В дневниках Чухновского и радиопереписке, которую вел Алексеев в те дни, отражены и вести из внешнего мира. Рассказывается о том, как в Италии фашистские иерархи готовили расправу над Нобиле, о том, как одна за другой иностранные экспедиции, участвовавшие в поисках, свертывали свои работы, покидали район Шпицбергена. Все прогрессивное общественное мнение мира было приковано теперь к советским морякам и летчикам. «Красин» и «Малыгин» — названия кораблей, Чухновский и Бабушкин — фамилии наших авиаторов — с уважением произносились на многих языках. Правда, экспедиция на «Малыгине» не смогла из-за тяжелых льдов пробиться непосредственно к лагерю бедствовавших итальянцев, но базировавшийся на этом корабле пилот Михаил Сергеевич Бабушкин 15 (пятнадцать!) раз вылетал на поиски. Десятки часов провел он в воздухе и на вынужденных посадках, когда, пережидая туман, опускался на любое мало-мальски пригодное ледяное поле.
Наступила осень. По распоряжению Комитета помощи из Москвы «Малыгин» с Бабушкиным на борту возвратился в Архангельск, а «Красин», приняв на борт отремонтированного «Красного медведя», снова пошел на север, во льды, чтобы продолжать розыски. Они, увы, не дали результатов. Никаких следов итальянцев, унесенных остатками изувеченного дирижабля, обнаружить не удалось. Не оставалось надежд и на спасение Амундсена после того, как в Баренцевом море рыбаки нашли поплавок «Латама» — исчезнувшего французского гидроплана.
Тем не менее второй поход «Красина» принес существенную пользу географической науке. Корабль под флагом СССР поставил рекорд свободного плавания во льдах, достигнув широты 81°41' норд, проник к северу дальше, чем все суда предшествующих экспедиций. Попутно была разгадана тайна, волновавшая не одно поколение путешественников: гипотетическая «Земля Джиллиса», присутствие которой предполагалось между Шпицбергеном и полюсом, как выяснилось теперь, после похода «Красина», в действительности не существует.

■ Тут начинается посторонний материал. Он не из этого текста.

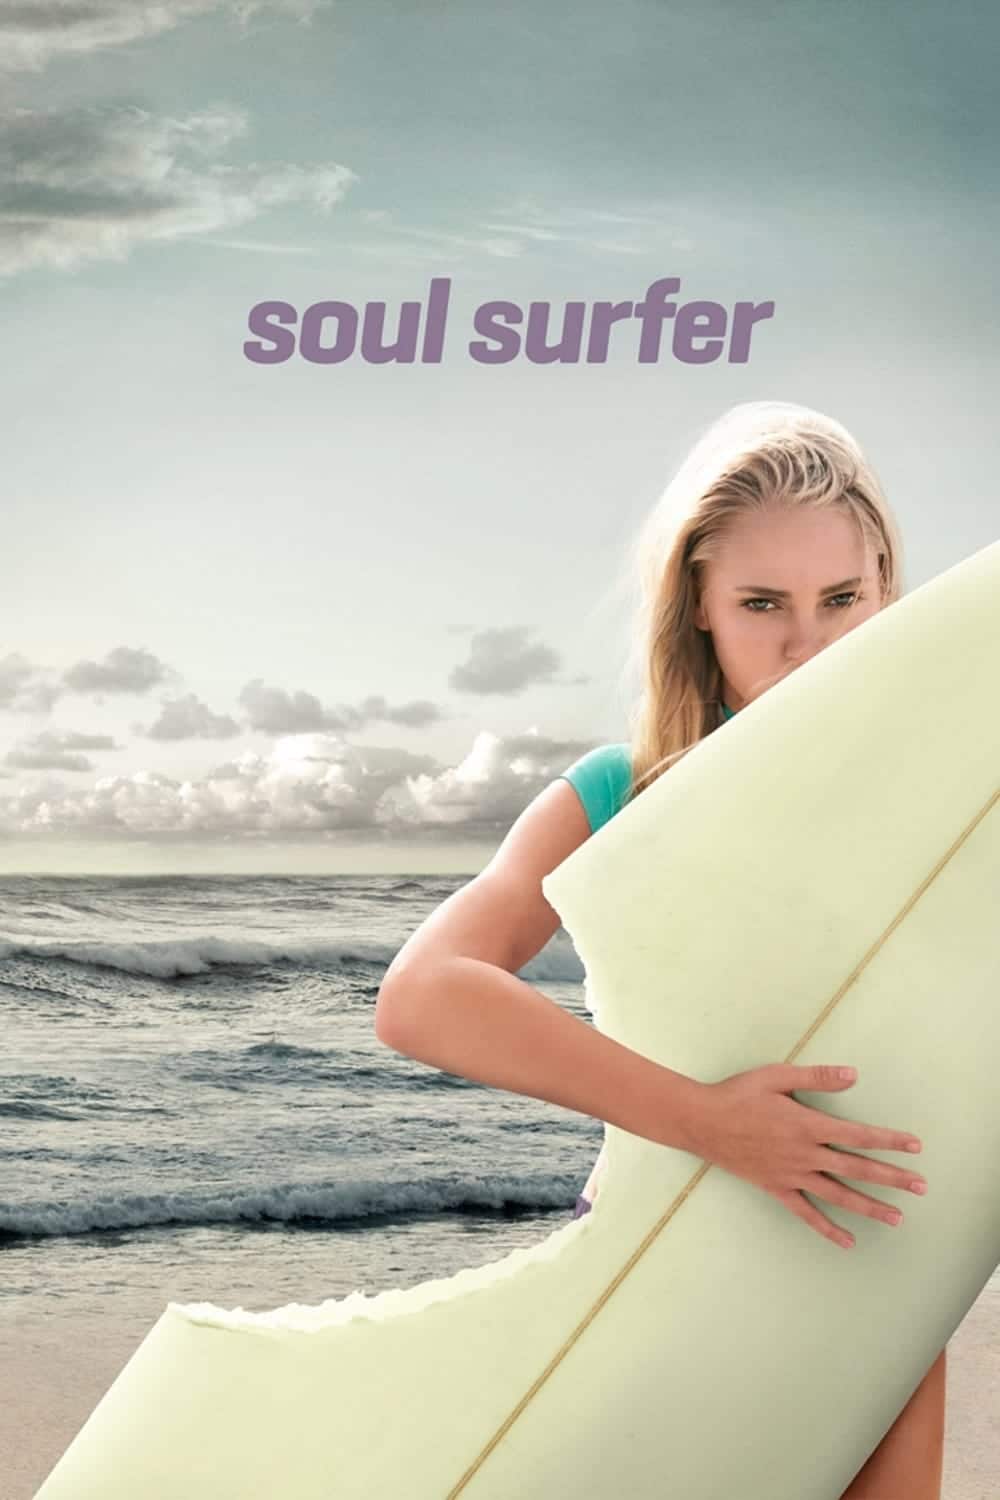 Plakat von "Soul Surfer"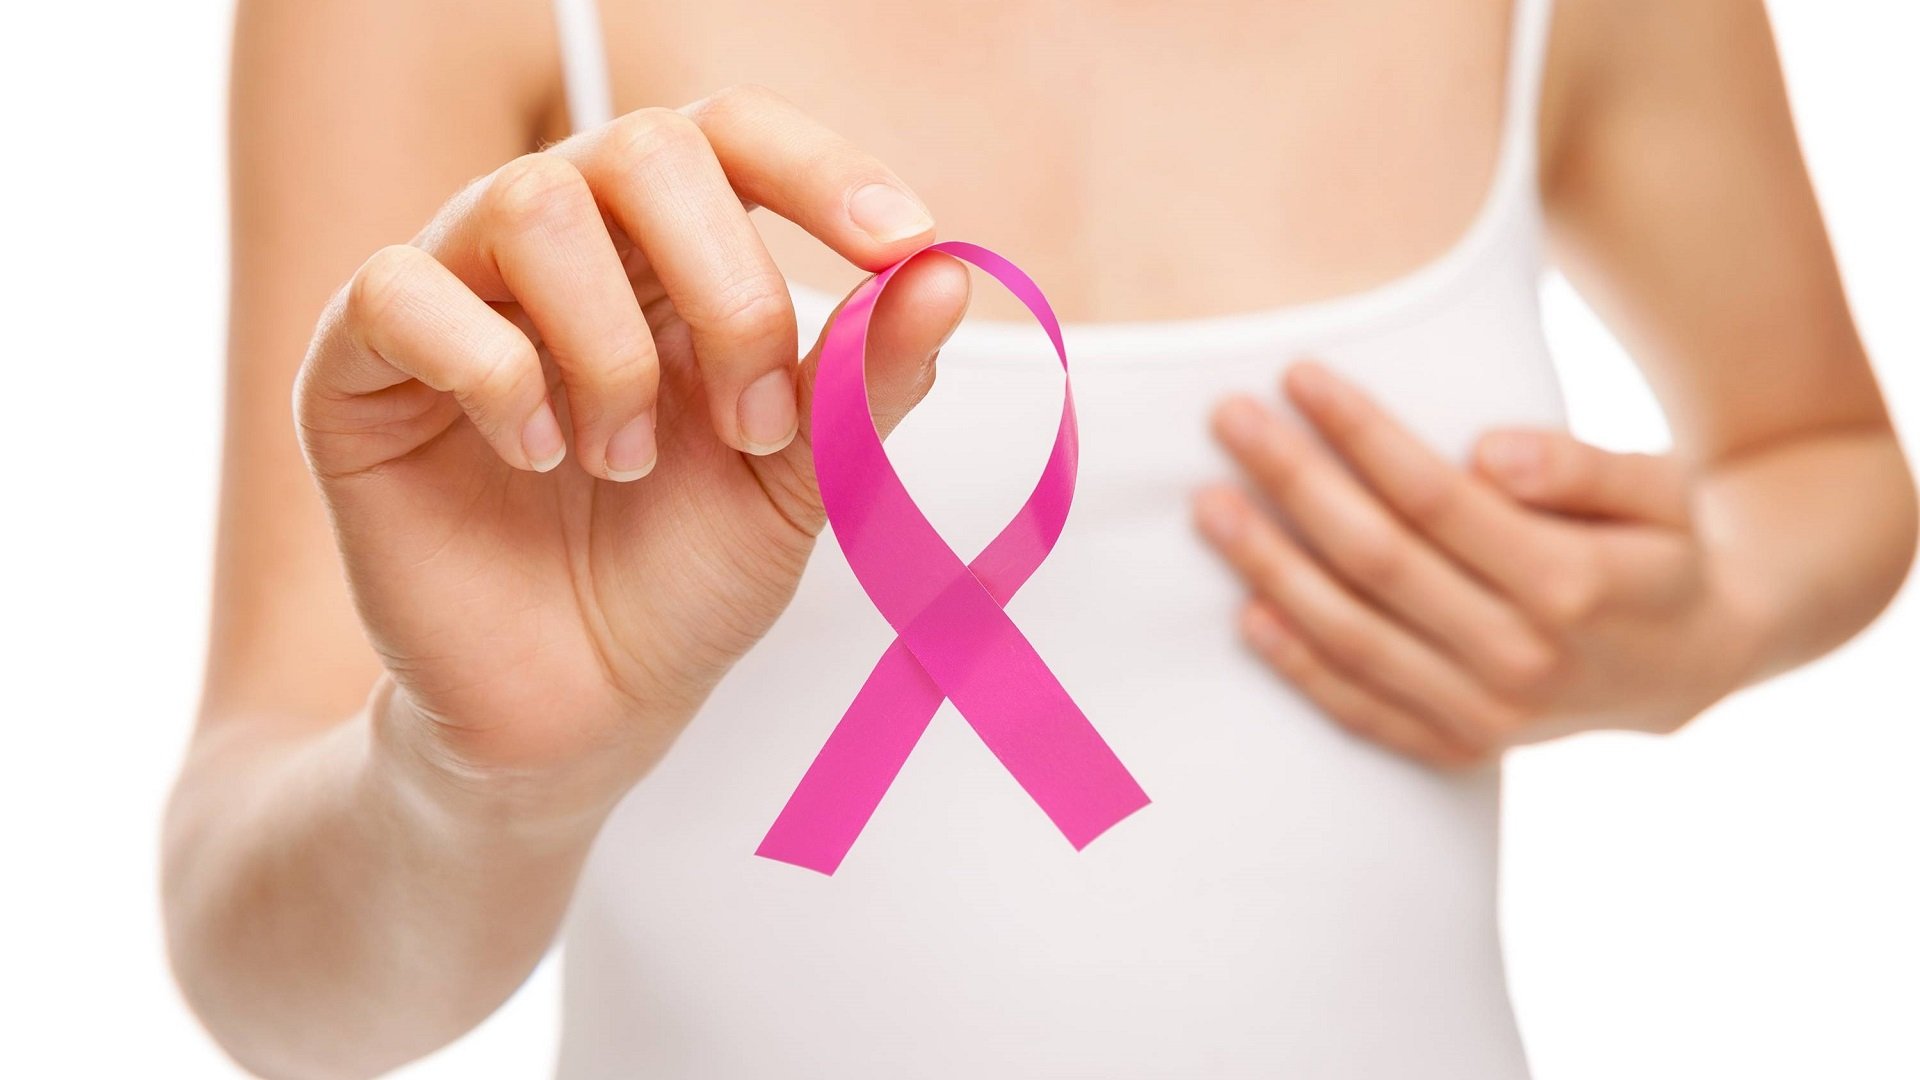   Hệ thống Google có thể giúp phát hiện bệnh ung thư vú ở nữ (Ảnh minh họa)

В актив экспедиции справедливо занесено и достижение Земли Франца-Иосифа. Там, в западной части огромного архипелага, — на мысе Пиль — красинцами был создан продовольственный склад. На всякий случай, как говорится. Кто знает, он еще может пригодиться кому-либо из итальянцев или спутников Амундсена, если только посчастливилось им уцелеть?!.

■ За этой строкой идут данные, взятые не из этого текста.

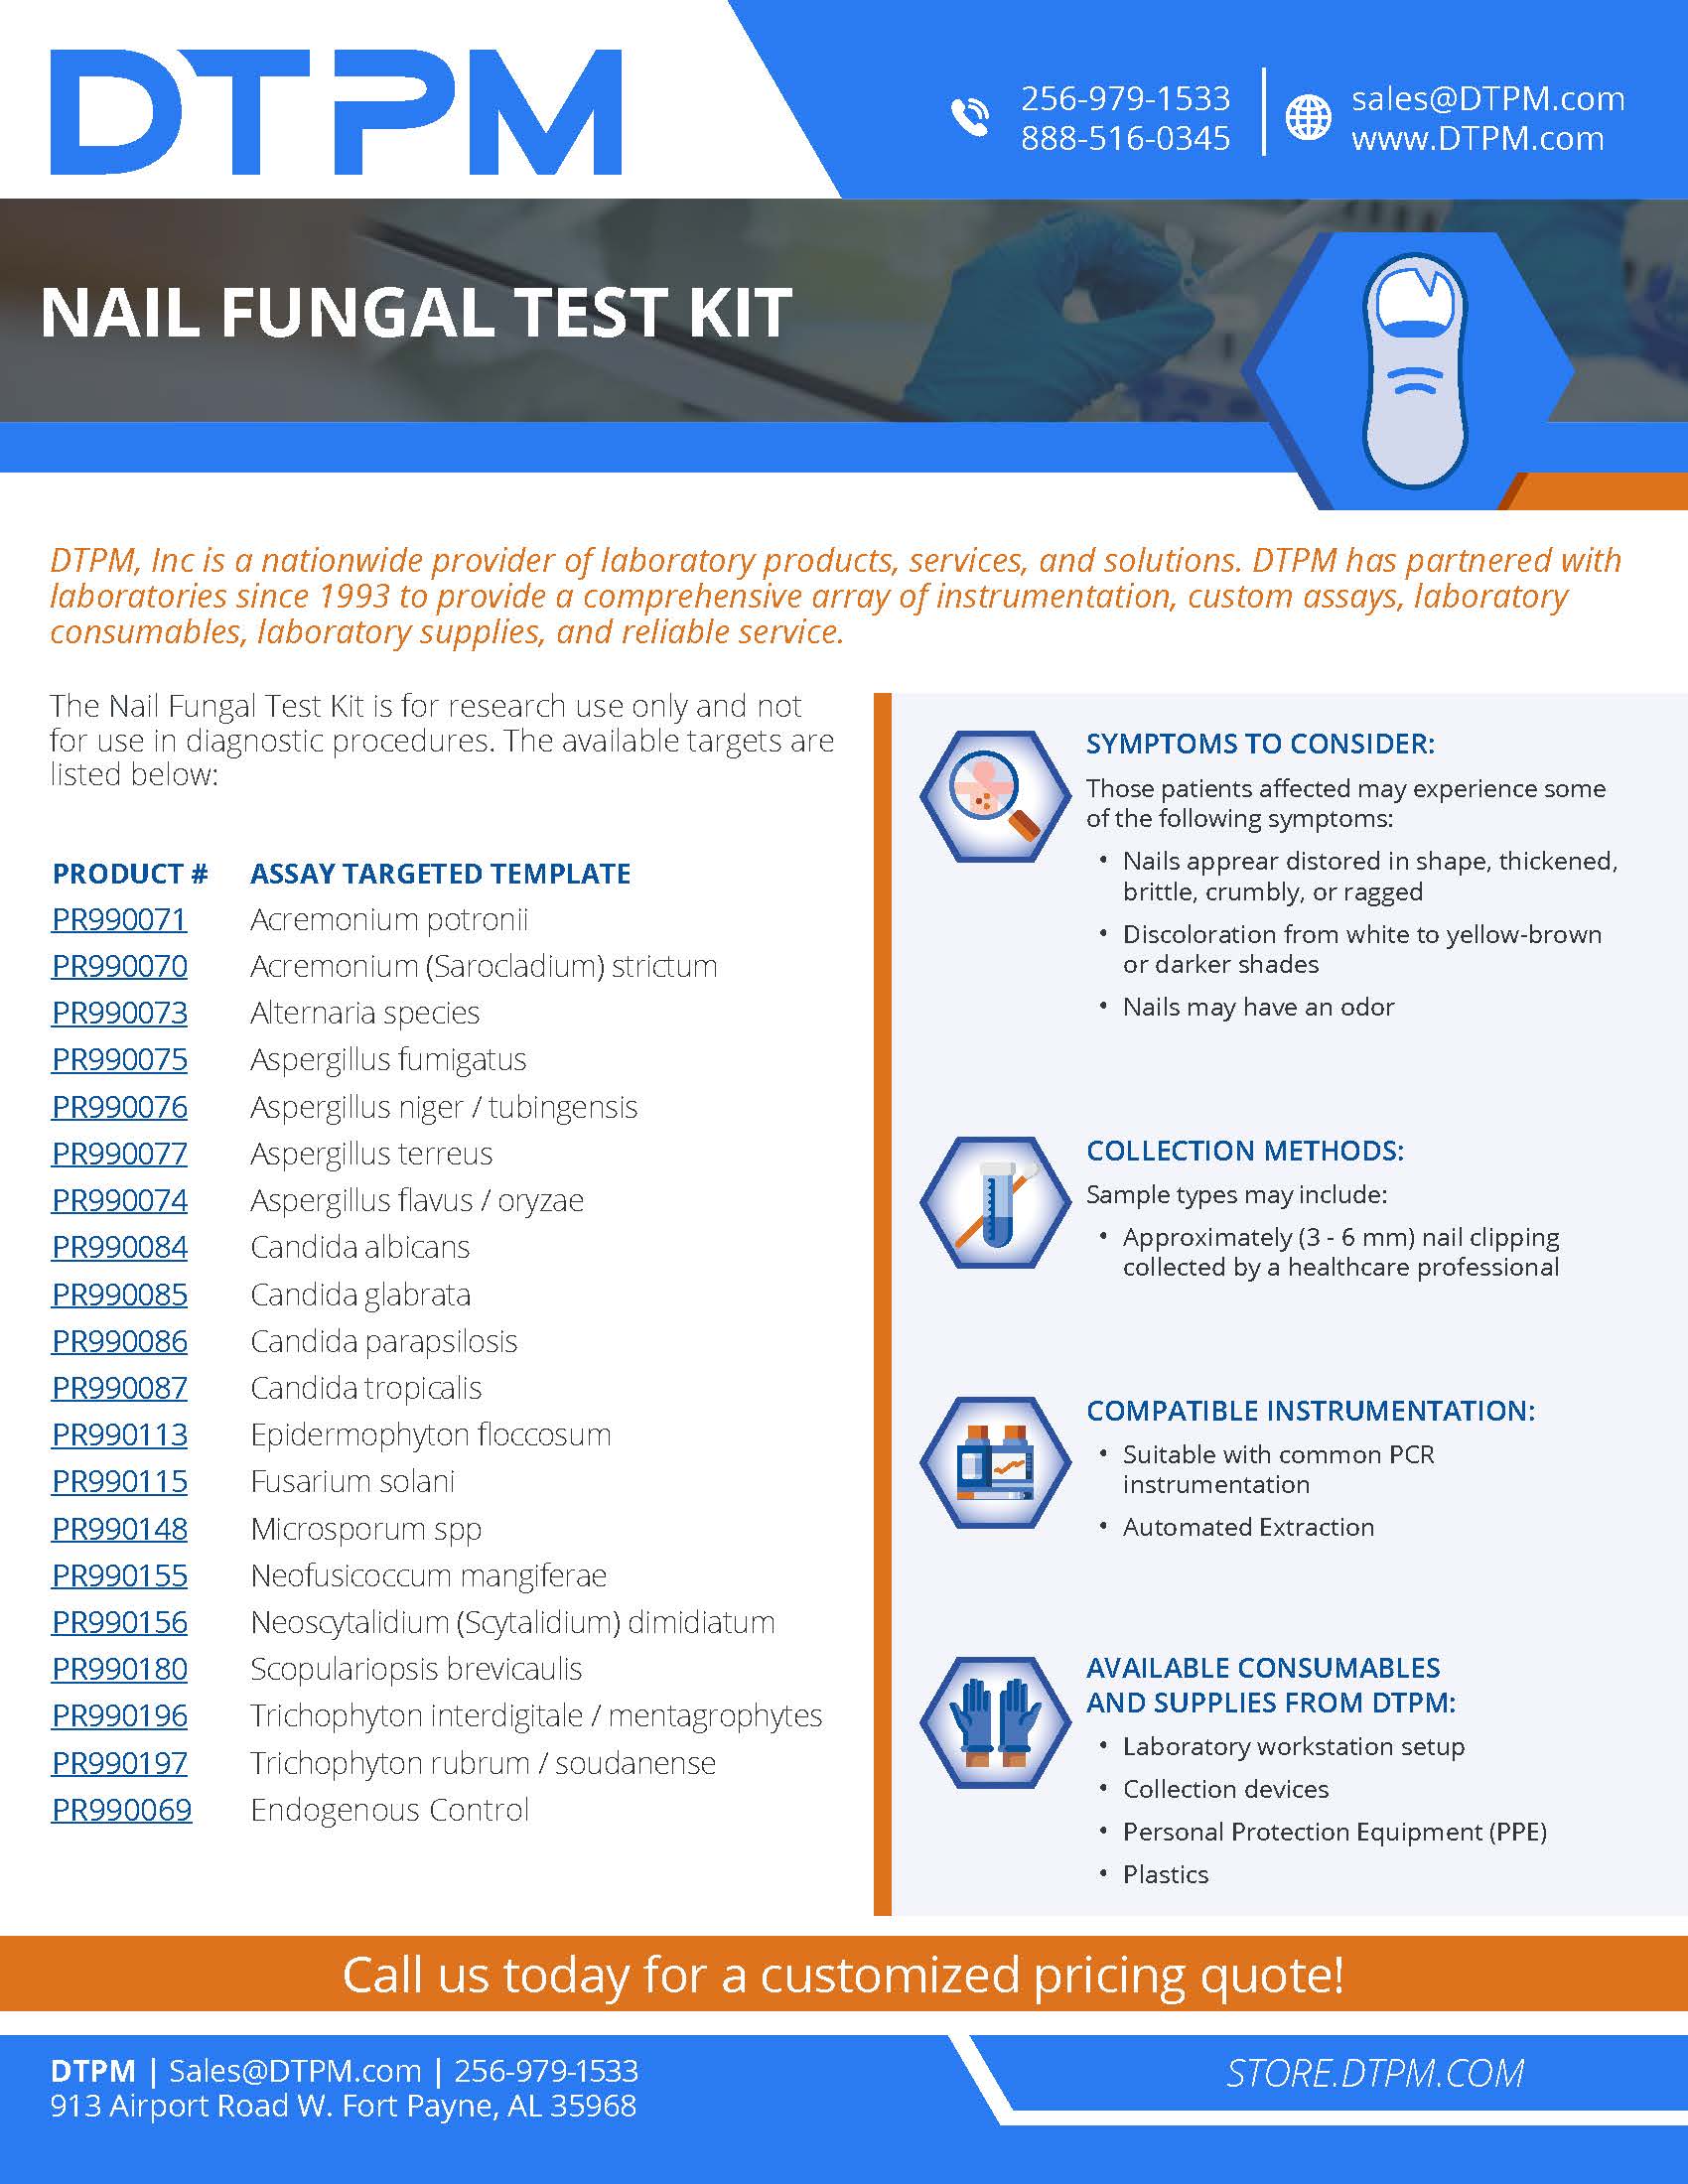 DTPM Nail Fungal Test Kit

О походах «Красина» и «Малыгина», явивших всему миру пример советского гуманизма, были сняты документальные фильмы, выпущены десятки книг и в нашей стране и за рубежом.

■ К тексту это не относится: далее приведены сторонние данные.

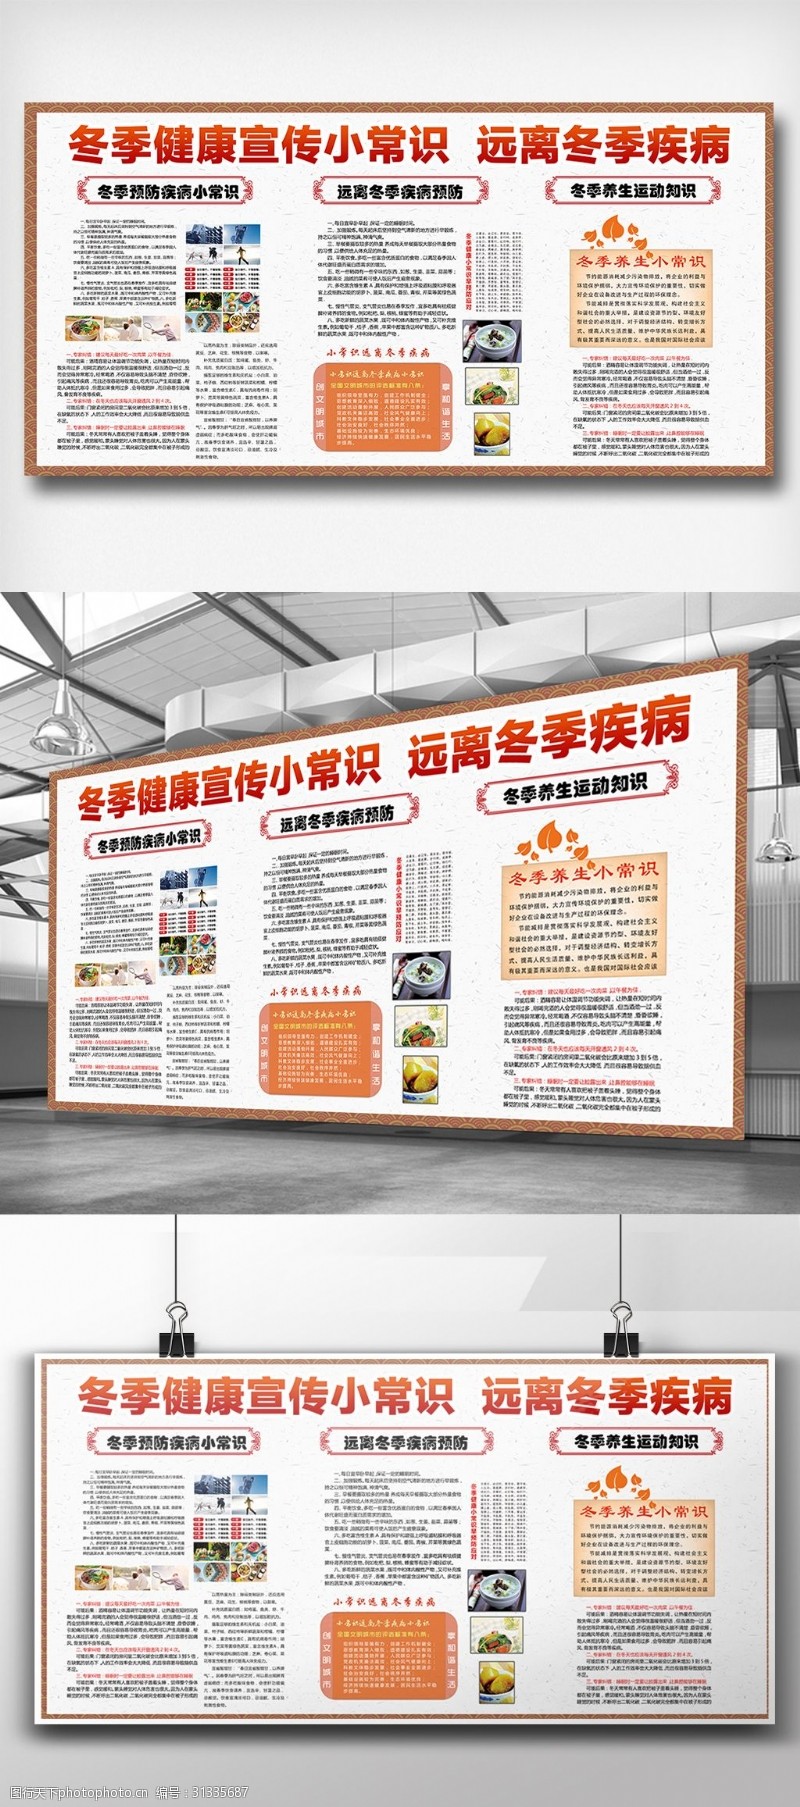 预防知识中国风创意冬季疾病预防小知识宣传栏

Высшей по тем временам награды Родины — ордена Трудового Красного Знамени удостоились руководители обеих экспедиций и отдельные наиболее отличившиеся моряки. Но особо торжественно прозвучал оглашенный 8 октября в Москве на заседании в Большом театре приказ № 201 по Военно-Воздушным Силам Рабоче-Крестьянской Красной Армии:
«Отмечая исключительные заслуги перед трудящимися работников Военно-Воздушных Сил РККА, участвовавших в полярных экспедициях, Центральный Исполнительный Комитет СССР по ходатайству Реввоенсовета СССР и Осоавиахима постановил наградить орденами Красного Знамени: командира корабля эскадрильи Чухновского Бориса Григорьевича, младшего летчика авиаотряда Страубе Георгия Александровича, летчика-наблюдателя Алексеева Анатолия Дмитриевича, авиатехника эскадрильи Шелагина Андрея Степановича, летчика Добролета Бабушкина Михаила Сергеевича, бортмеханика Добролета Грошева Федора Ивановича».
Для Чухновского и Алексеева общественное признание их заслуг было драгоценно вдвойне. В походе «Красина» на помощь бедствовавшим итальянцам они продемонстрировали огромные возможности авиации и радио в Арктике, а также результаты совместного применения самолета и ледокола.